I loved to hear Maximo say that, but right then, the words were hollow.
Empty.
Or maybe that was just me.
How did I let myself get in so deep?
How did I let him break through all my walls?
How could I be so fucking stupid?
Letting people in only leads to pain and disappointment.
I needed space from the man I’d willing— happily —let take over every aspect of my life. The sooner I talked, the sooner I could get the distance I needed.
Starting at the drunks brawling, I did my best to recount everything that’d happened.
Well, almost everything.
I didn’t tell them what Mugsy had said about me betraying my father. I also didn’t share his claim that Maximo was training me. Using me. Breaking me in like I was just another na?ve girl who meant nothing.
Who was nothing.
I couldn’t bring myself to tell him because I didn’t want to know the truth. I wanted to bury my head in the sand a little longer.
Even if I didn’t speak the words out loud, they were there, a constant taunt running on a loop through my head.
Nothing girl.
Whore Jule-bug.
Rat Jule-bug.
Temporary.
As I described my counterattack and tackling Mugsy, Maximo must’ve realized the blood on my hands wasn’t only my own. He moved away to get a damp, soapy towel. When he rubbed it across my raw skin, I hissed at the coarse texture and burning sting.

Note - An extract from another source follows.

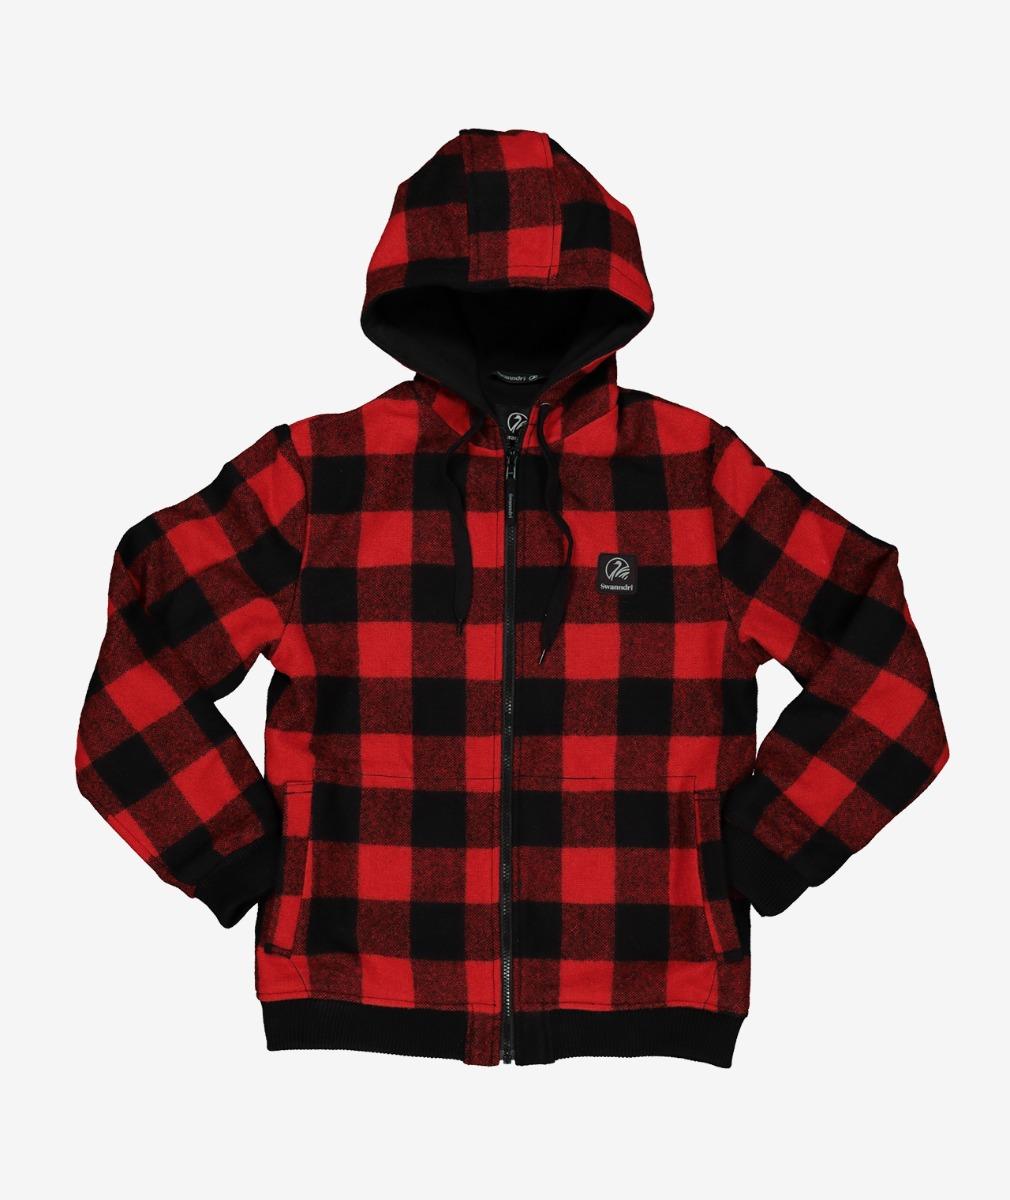 Swanndri Kid's Crooked River Wool Hoody in Red/Black Check

His force eased, but he didn’t stop. “Got to get that motherfucker’s blood off you.” Mixed with the anger, there was a glimmer of pride in Maximo’s eyes. “Ballsy. My ballsy girl.”
Am I his girl?
Tears burned my eyes, though they had nothing to do with the pain in my hands. My heart hurt worse than any of my injuries.
Maximo cleaned the rest of the dirt and blood with the same tender care. Once he was done, I wrapped my arms around myself, sliding back farther onto the island.
And he noticed.
Of fucking course.
Concern furrowed his brows as he studied me. When he spoke, his tone was firm and demanding. “Is that everything, Juliet?”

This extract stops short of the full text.